License: Apache-2.0 Workflow: Tests License: Apache-2.0

RUN BIG MODELS | RUN LONG CONTEXT | MAXIMIZE UTILIZATION

dnet runs LLMs across Apple Silicon devices. Modular execution strategies, automatic device profiling, drop-in OpenAI API.

Features

  • Execution

    • No Memory Ceiling: Run models that exceed total cluster memory—compute/I/O overlap keeps data flowing
    • UMA specific: Designed for Apple Silicon's unified memory for efficient layer swapping
    • OpenAI-Compatible: Drop-in /v1/chat/completions endpoint
  • Cluster Management

    • Automatic Discovery: Nodes find each other; no manual topology configuration
    • Thunderbolt Detection: Automatically utilizes Thunderbolt for high-bandwidth inter-device communication
  • Workload Assignment

    • Device Profiling: Measures FLOPs, memory, and inter-device latency per node
    • Model Profiling: Analyzes compute and memory requirements per layer
    • Heterogeneity-Aware Solver: Topology aware assignment that accounts for device capability, network speed, KV cache size, and disk speed
  • Pipelined-ring - Run >32B 8-bit models across devices with insufficient total memory

  • 🚧 Long context - Make >128K context windows a reality for home clusters

  • 🚧 High throughput - Maximize throughput via tensor parallelism

  • 🚧 Unified backend - A single optimized backend for Apple Silicon, NVIDIA, and AMD (currently Apple Silicon only, via MLX)

Installation

dnet requires several submodules, which can all be cloned with the following command:

git clone --recurse-submodules https://github.com/firstbatchxyz/dnet.git

dnet uses uv, so make sure it is installed. You can check for uv with the command below, and follow the installation guide if you do not have it.

uv --version

dnet currently only supports MLX on Apple Silicon. To install, run:

uv sync --extra mac

After syncing dependencies, run the one-time setup to install Git hooks and generate protos:

make init

This will:

  • Install pre-commit hooks for automatic code quality checks
  • Generate protobuf files

The pre-commit hooks will automatically run ruff formatting, ruff linting, and mypy type checking before each commit.

Development

Git Hooks

This project uses pre-commit to ensure code quality. Hooks are installed automatically when you run make init, but you can also manage them manually:

# Install hooks
make hooks-install

# Run all hooks on all files
make hooks-run

# Update hook versions
make hooks-update

The hooks will run automatically on git commit, checking:

  • Code formatting (ruff format)
  • Linting (ruff check)
  • Type checking (mypy)

Usage

dnet uses a dynamic topology approach where nodes start without models, then the API discovers devices and distributes layers optimally using distilp.
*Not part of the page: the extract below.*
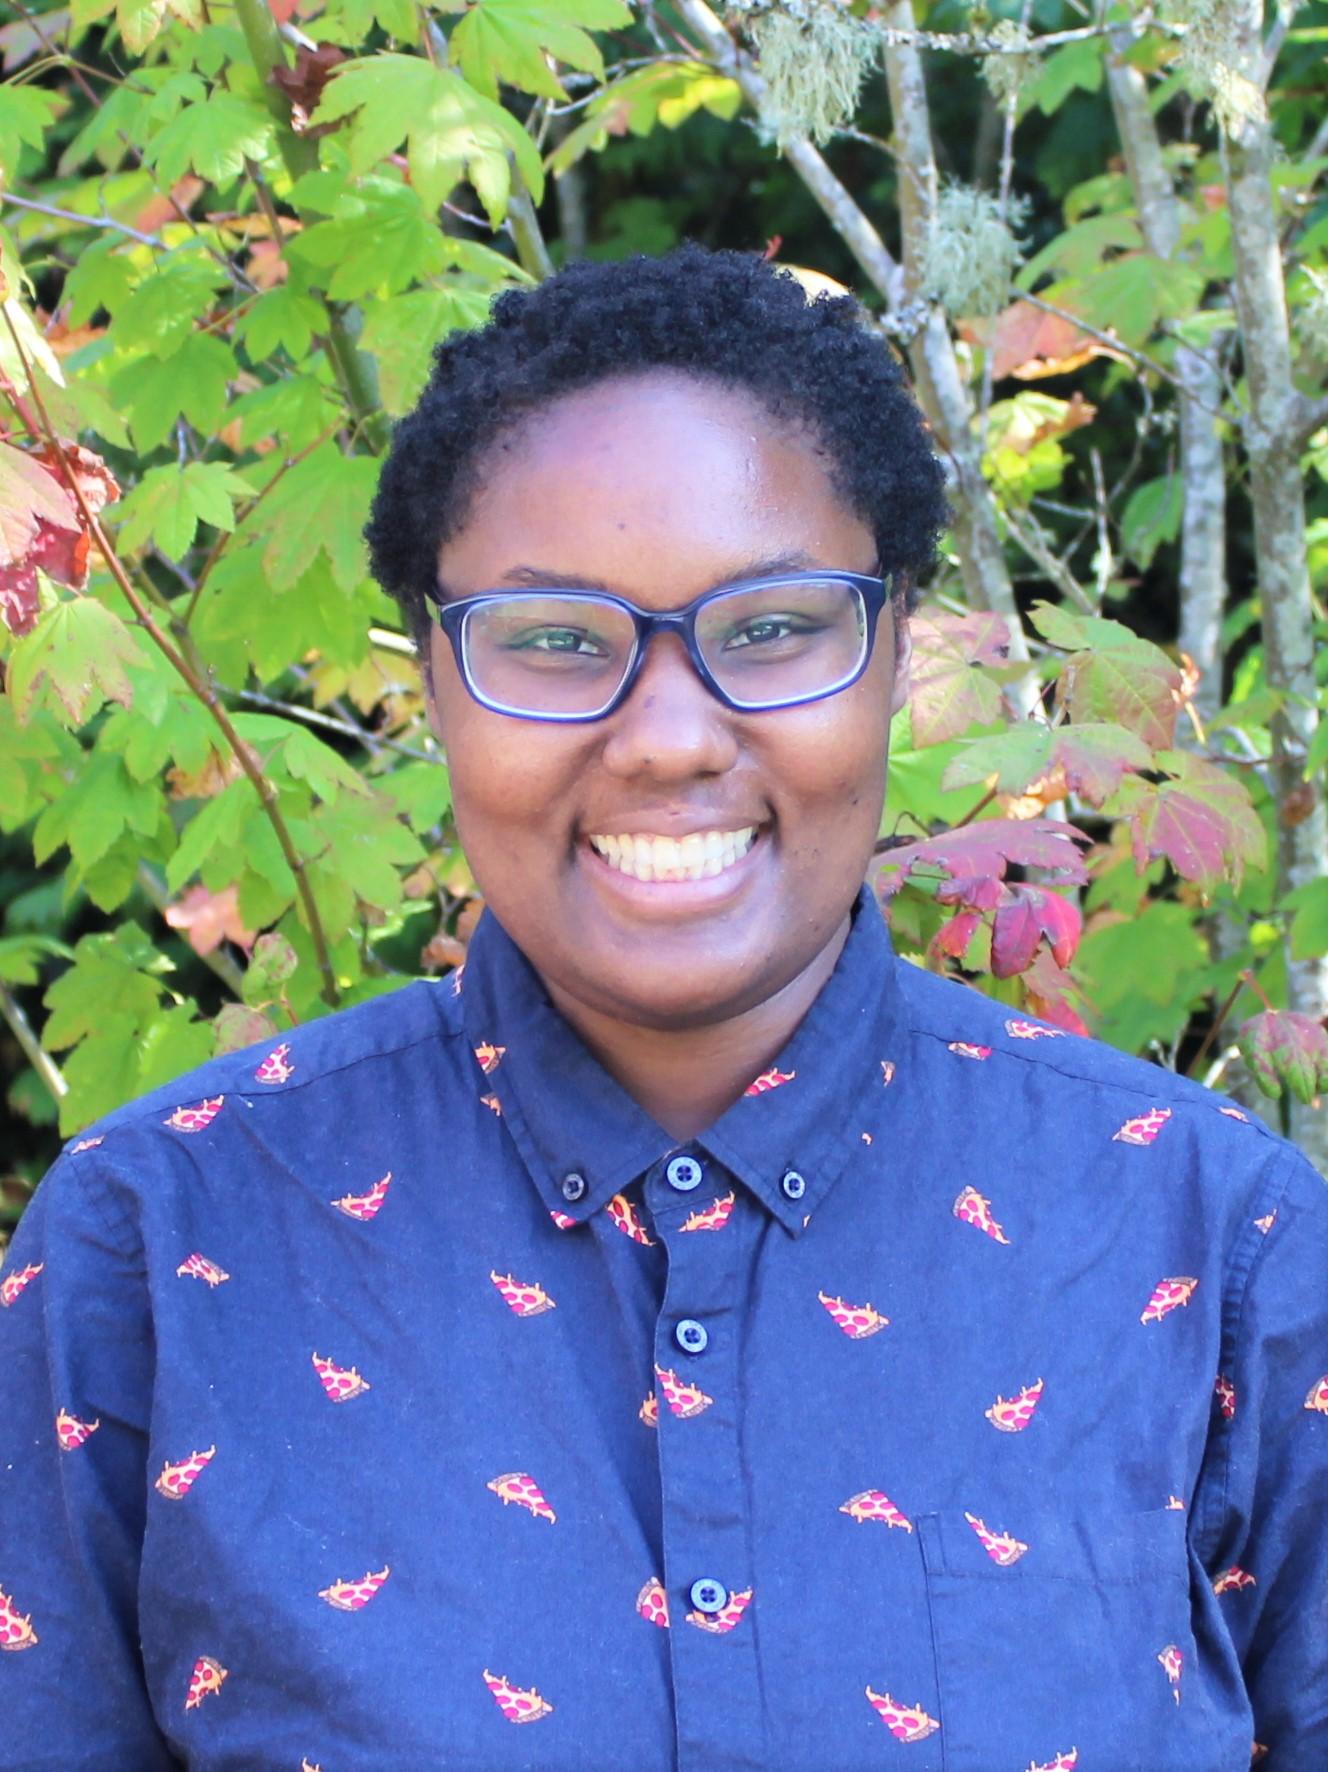 IslandWood Graduate Program student Tiffany Barber

  1. Start Shards: Launch shard nodes on each device.
  2. Start API: Launch the API node, one of the shards SHOULD reside in the same device.
  3. Prepare Topology: API discovers devices and solves for optimal layer distribution.
  4. Load Model: API instructs shards to load their assigned layers.
  5. Inference: Use /v1/chat/completions endpoint for generation.

See catalog for supported models.

image of dnet TUI

Viewing dnet TUI

dnet comes with a TUI built in Rust, providing a neat interface for you to load models, view the topology and chat with the loaded models.

Install the TUI with:

cargo install --git https://github.com/firstbatchxyz/dnet-tui.git

Then simply run with:

dnet-tui

For more details, check out the repository.

Running a Shard

Start a shard node with gRPC and HTTP ports:

uv run dnet-shard --http-port 8081 --grpc-port 58081

Each shard should be started on a different device and with a different port (try increment by one for each shard), like the following:

uv run dnet-shard --http-port 8082 --grpc-port 58082

You can optionally specify a custom shard name for better identification in discovery, TUI, and logs:

uv run dnet-shard --http-port 8081 --grpc-port 58081 --shard-name my-shard-1

Warning

Each shard name must be unique within the same network. Using duplicate shard names will cause discovery conflicts and connectivity issues.

Running an API

Start the API node:

uv run dnet-api --http-port 8080 --grpc-port 58080

To do inference, first, we must prepare the topology (discover nodes) and then load the model itself. After that, we can call the completions endpoint as usual.

Tip

We have a script that can prepare the model and load it at once:

uv run ./scripts/prepare_model.py Qwen/Qwen3-4B-MLX-4bit

Prepare Topology

Discover devices and compute optimal layer distribution:

curl -X POST http://localhost:8080/v1/prepare_topology \
  -H "Content-Type: application/json" \
  -d '{
    "model": "Qwen/Qwen3-4B-MLX-4bit"
  }'

Response will be the otpimal topology (as given by the solver) for the discovered devices.

Note

Once the topology is prepared, you can fetch it after via the /topology endpoint:

curl http://localhost:8080/v1/topology \
 -H "Content-Type: application/json" \

Load Model

Load the model on shards with prepared topology:

curl -X POST http://localhost:8080/v1/load_model \
  -H "Content-Type: application/json" \
  -d $OUTPUT_FROM_PREPARE_TOPOLOGY

a shard with a loaded model

Chat Completions

Generate text using the loaded model:

curl -X POST http://localhost:8080/v1/chat/completions \
  -H "Content-Type: application/json" \
  -d '{
    "model": "mlx-community/Qwen2.5-0.5B-Instruct-4bit",
    "messages": [
      {"role": "user", "content": "What is the capital of France?"}
    ],
    "max_tokens": 100
  }'

Devices

You can get the list of discoverable devices with:

curl http://localhost:8080/v1/devices \
  -H "Content-Type: application/json"

Configuration (.env)

dnet supports configuration via a .env file in the project root. This allows you to set environment variables for logging, profiling, and other runtime options without modifying code or command-line arguments.

Example .env

# Set logging level (e.g., DEBUG, INFO, WARNING, ERROR)
LOG_LEVEL=INFO

# Enable profiling (set to 1 to enable)
PROFILE=0

# Add other environment variables as needed

Please see .env.example for a complete example. The .env file is automatically loaded when running via uv run or using the provided Makefile targets. This ensures consistent configuration in both local development and CI environments.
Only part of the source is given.